# Quick Work & Energy Problem

1. Jun 15, 2014

### ThatDude

1. The problem statement, all variables and given/known data

A person is pushing a box on a floor with a 250 N force. The box is moving at a constant speed over 12.75 m.

(a) What quantity of work does the person do on the box?
(b) What quantity of word does friction do?
(c) What is the total work done?

2. The attempt at a solution

(a) W = F * d * cosx = (250 N)(12.75 m)(cos0) = 3187.5 Joules

(b) W = F * d * cosx = (250 N)(12.75 m)(cos180) = -3187.5 Joules

(c) Total work = Wperson + Wfriction = 3187.5 J + (-3187.5 J) = 0

2. Jun 15, 2014

Do you have a question?
Your working seems correct.(I don't have my calculator at the moment)

3. Jun 15, 2014

### ThatDude

I was wondering if my process for (c) was correct.

4. Jun 15, 2014

### Staff: Mentor

Probably not correct, but now I'm unsure of whether there is a strict convention to adhere to on the topic of friction. Were I to answer this as a test, I would have given the one identical answer to all 3 parts.

I wouldn't like to say zero total work has been done, because I can see that heat has been added to the system as a result of the friction. (So I'm tipping that maybe we say the work done by friction is zero.)

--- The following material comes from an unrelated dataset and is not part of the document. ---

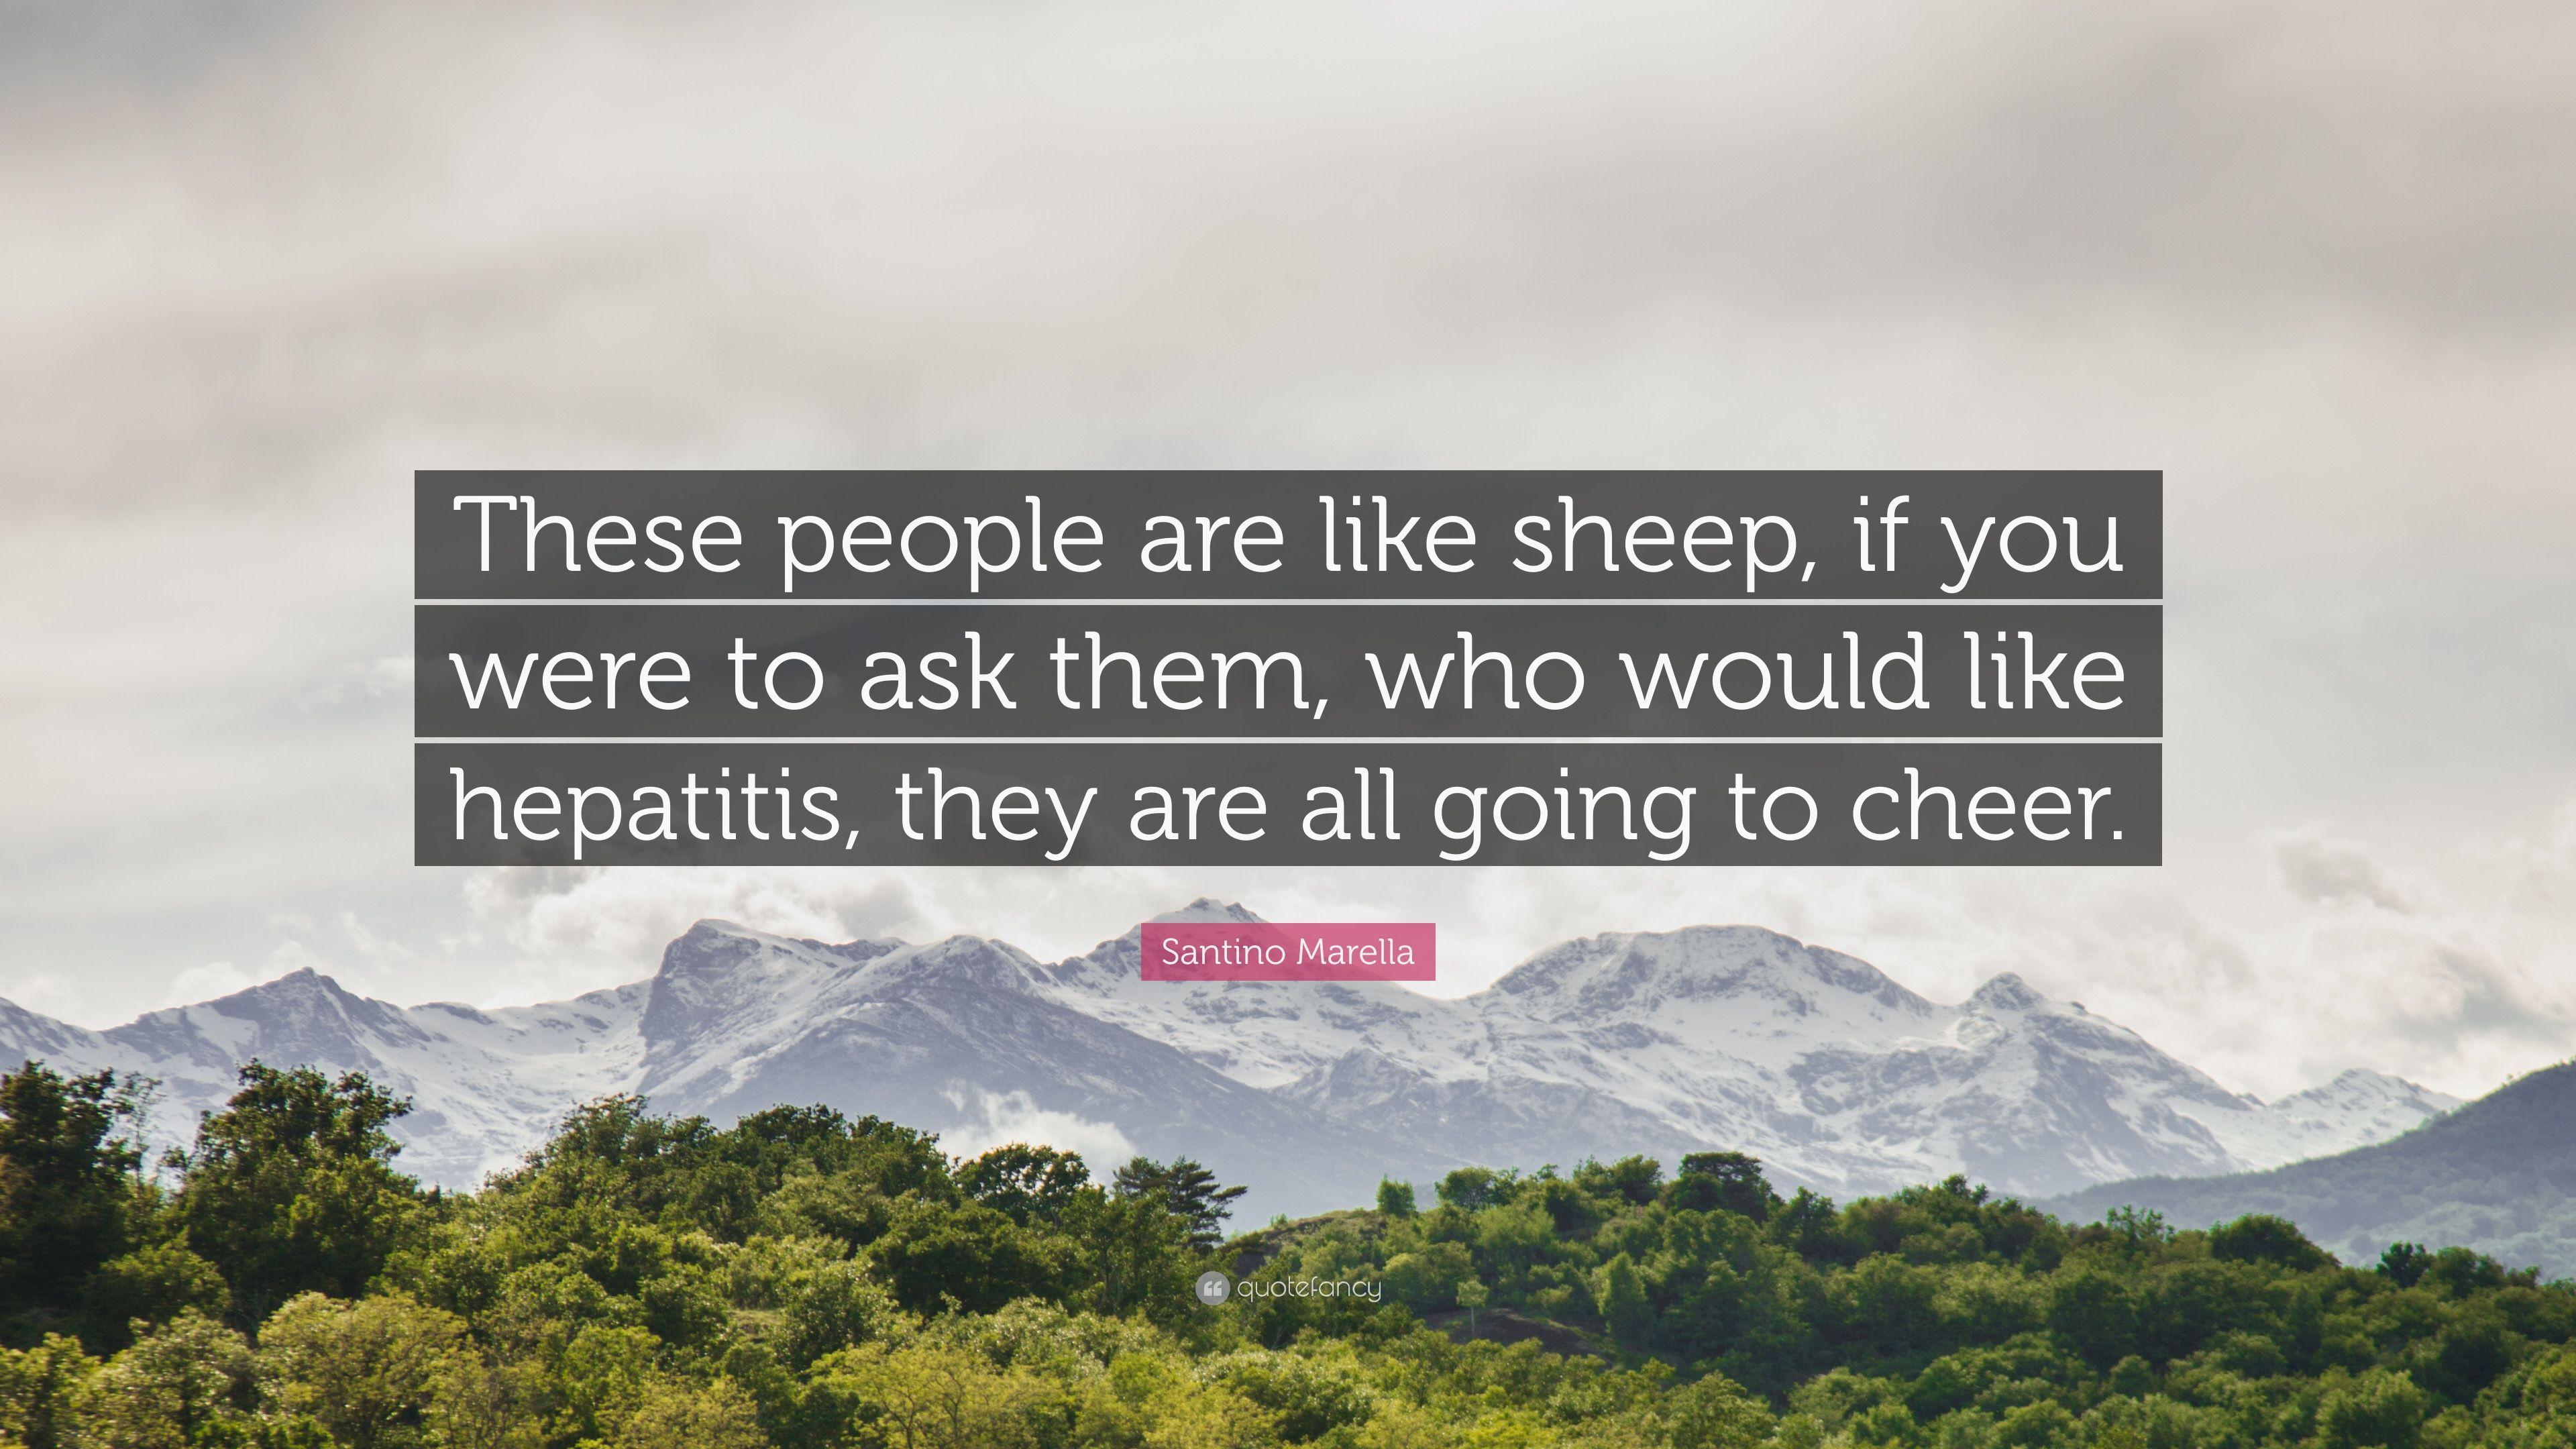 Santino Marella Quote: “These people are like sheep, if you were to

We'd best wait on to see what others say.

Last edited: Jun 15, 2014
5. Jun 15, 2014

### rude man

(b) is a negative number.
(c) = (a) + (b)

6. Jun 16, 2014

### Staff: Mentor

I can see why work done by friction is considered negative. W=F.s, so when motion is in a direction opposite to that of F then one of the terms will have a negative sign. For the block, though, where movement is in the same direction as F then their product will be positive, and positive work is done. Thanks rude man.

7. Jun 16, 2014

That means all the answers in the OP are correct

8. Jun 16, 2014

### rude man

In any case, yes, they are now correct if he did the math correctly.

Last edited: Jun 16, 2014
9. Jun 17, 2014

### Staff: Mentor

The confusion was mine. OP was correct from the start.